There is no easy way to summarise just how influential Larasi has been. Her position as one of the great leaders of our times has been marked by her ranking in the World Pride Power List. In 2019, she was one of the World’s 100 Most Influential People in Gender Policy. Put bluntly, she is one of the most influential LGBTQ people in the worlds of politics and activism. She has also been awarded an MBE (Member of the British Empire) for her work.

 

She is also a ‘rock star’ of feminism. A number of us (including me) look on in awe as, during the 75th Golden Globe Awards in 2018, she walked up the red carpet as the guest of Emma Watson (of Harry Potter fame). The event was to draw attention to the #TimesUp campaign against sexual harassment, and Larasi did it in true rock star style, dressed in black tuxedo and boots.  

 

And who is the person? Larasi identifies as a lesbian. She is a mother to one daughter and one son but, I am told, she is also ‘a mother to many’. She is an amazing cook and vegan (although giving up cheese was a struggle). Music is a passion, for which she has eclectic tastes including hiphop, 90s soul, and jazz. If you start her talking about Afrofuturist literature, ‘ol’ skool’ reggae, or the works of Alice Walker, I guarantee that you will be entranced for hours. Her tipple is a gin and tonic, preferably near a dance floor. She loves mountain climbing, although regretfully has too little time to indulge.  Her friends call her a lioness, a African-Caribbean feminist warrior. She is wise, gentle, and approachable. Working in a field where there are often difficult and distressing things to address, she is grounded, knows how to ‘flip the question’, inclusive, and makes people feel that they belong.
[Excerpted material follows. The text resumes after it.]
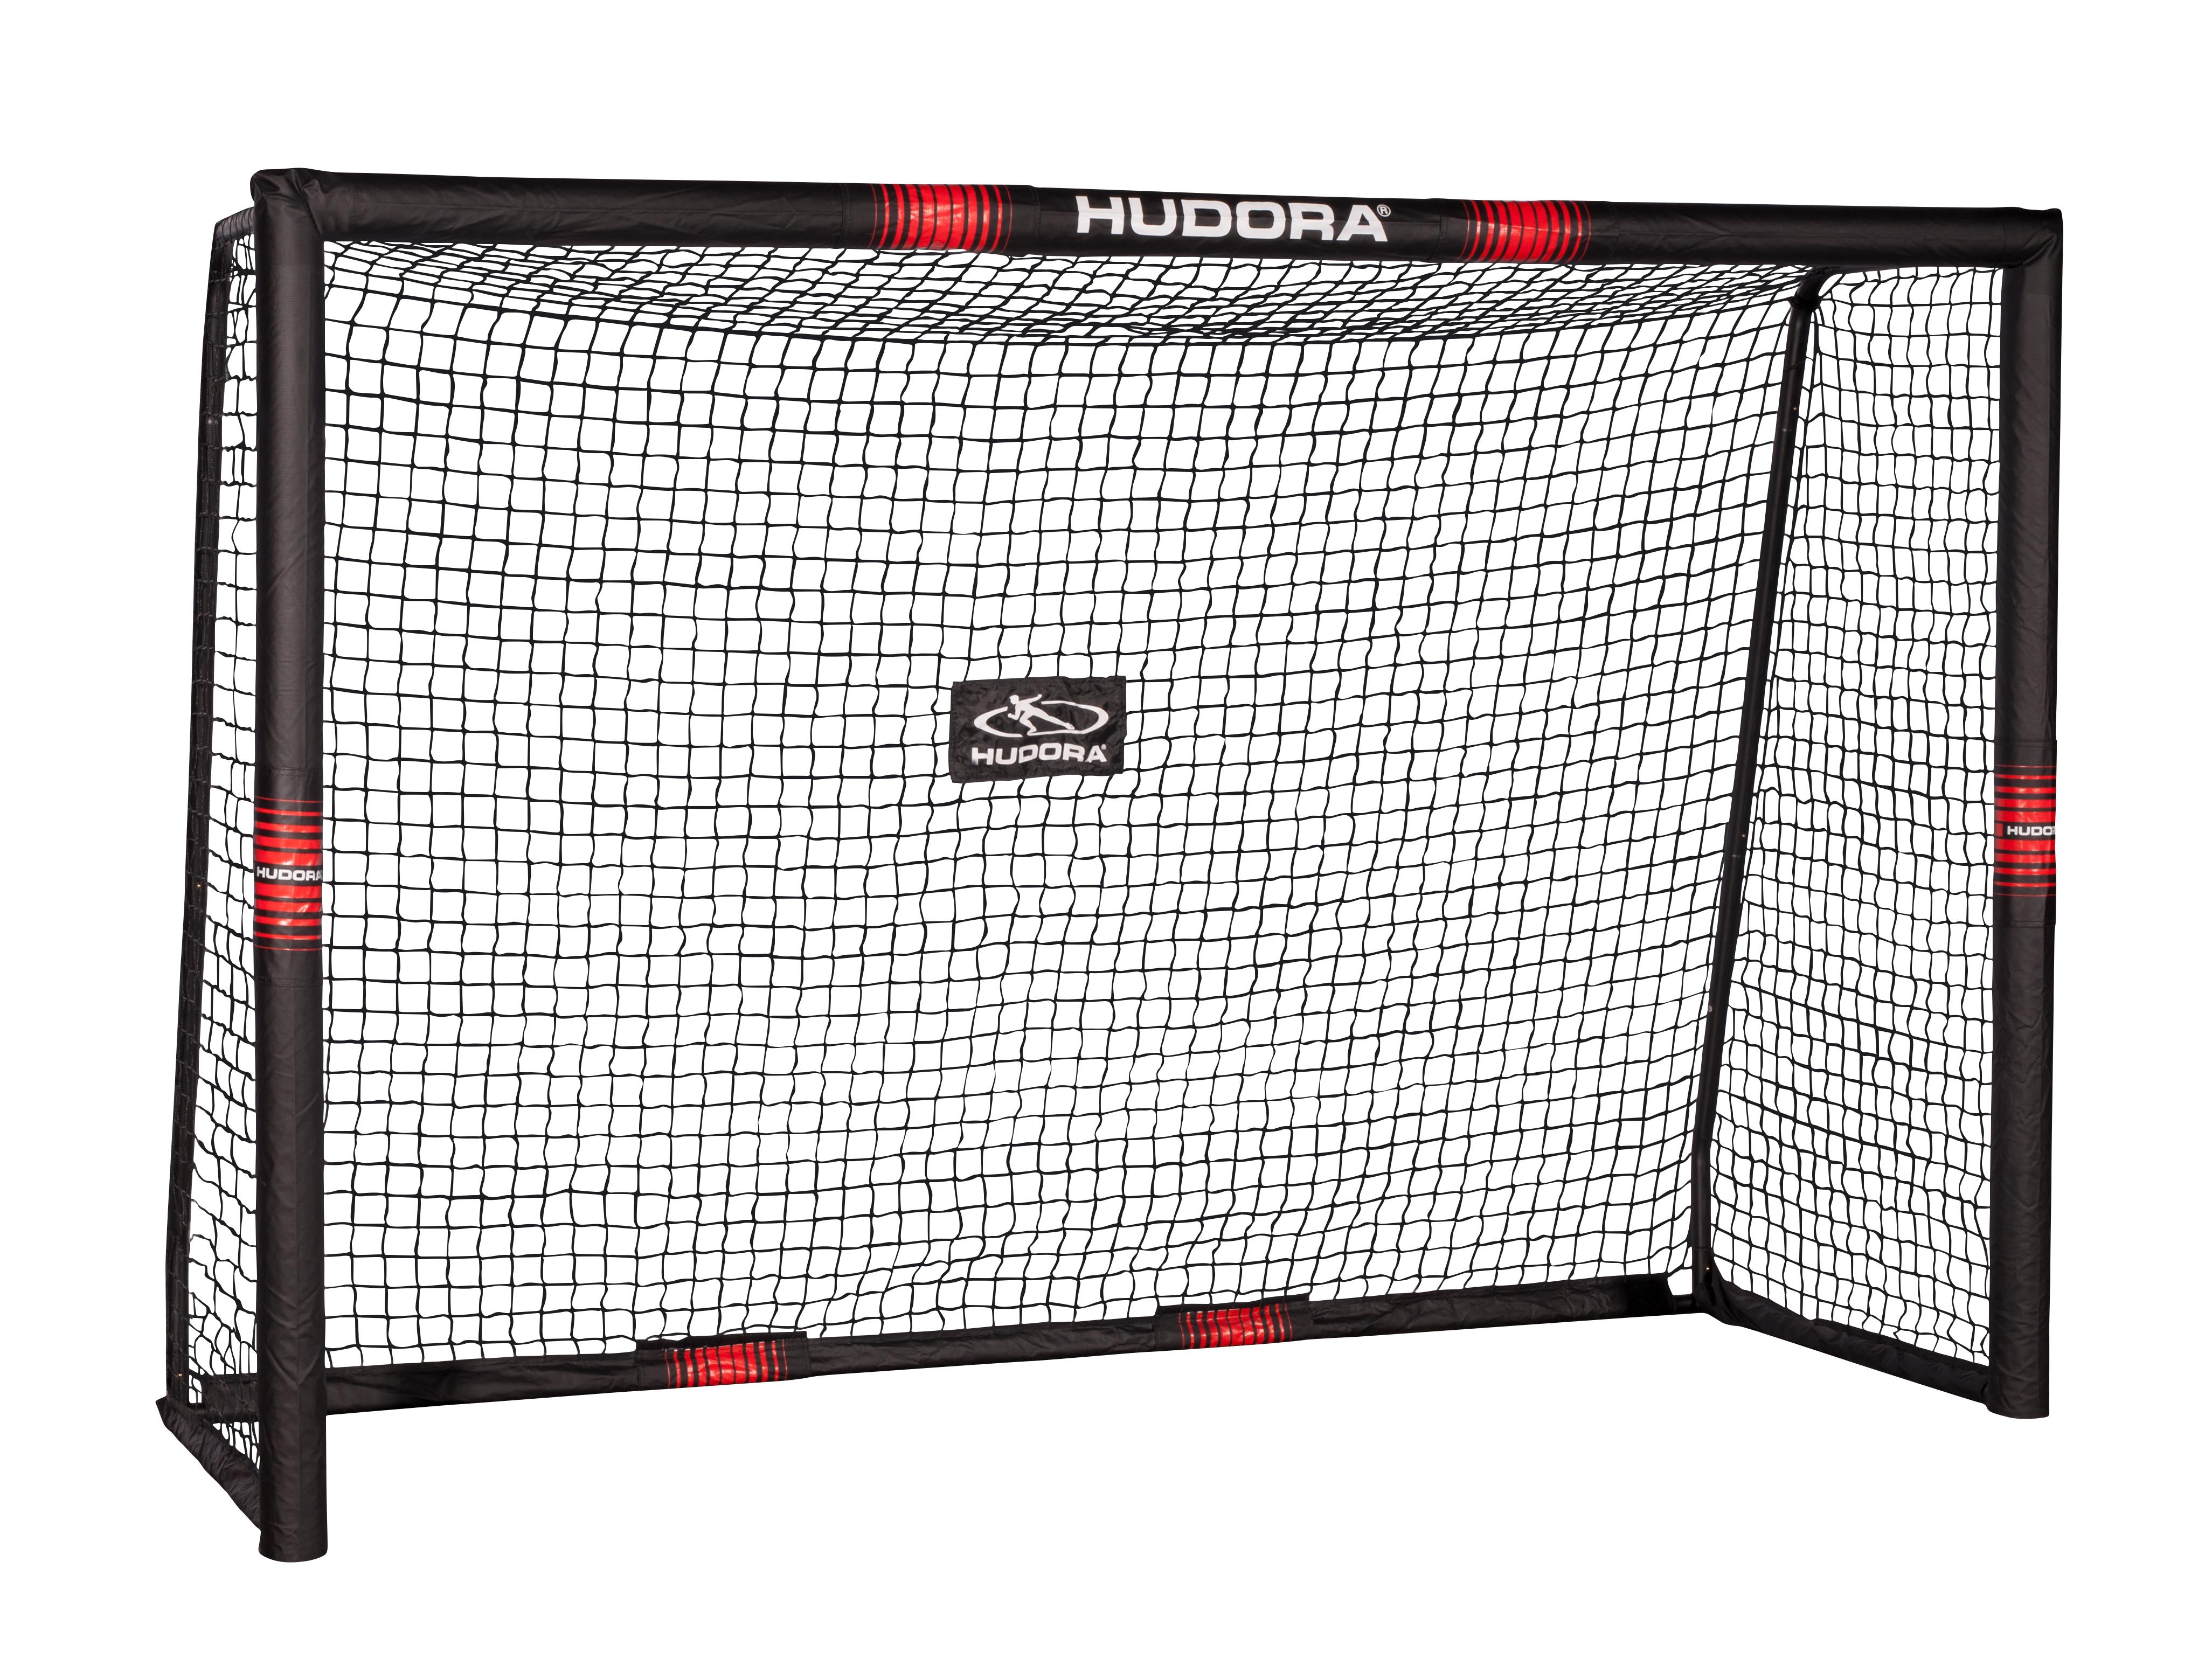 hudora 76914 fu balltor pro tect 240x160x85 ebay. Black Bedroom Furniture Sets. Home Design Ideas

She is one of the most important British feminists.

 

How can I sum her up? She is animated by Solidarity. Like her grandmother and mother before her, she is a rule breaker. The urge to resist is ‘in her blood’. Of course, it is challenging living one’s life as an activist. But, Larasi contends that ‘we dare to dream that we could have a just, safe and equal world, and we were crazy and courageous enough to create it together, and this moment represented something huge in that process’.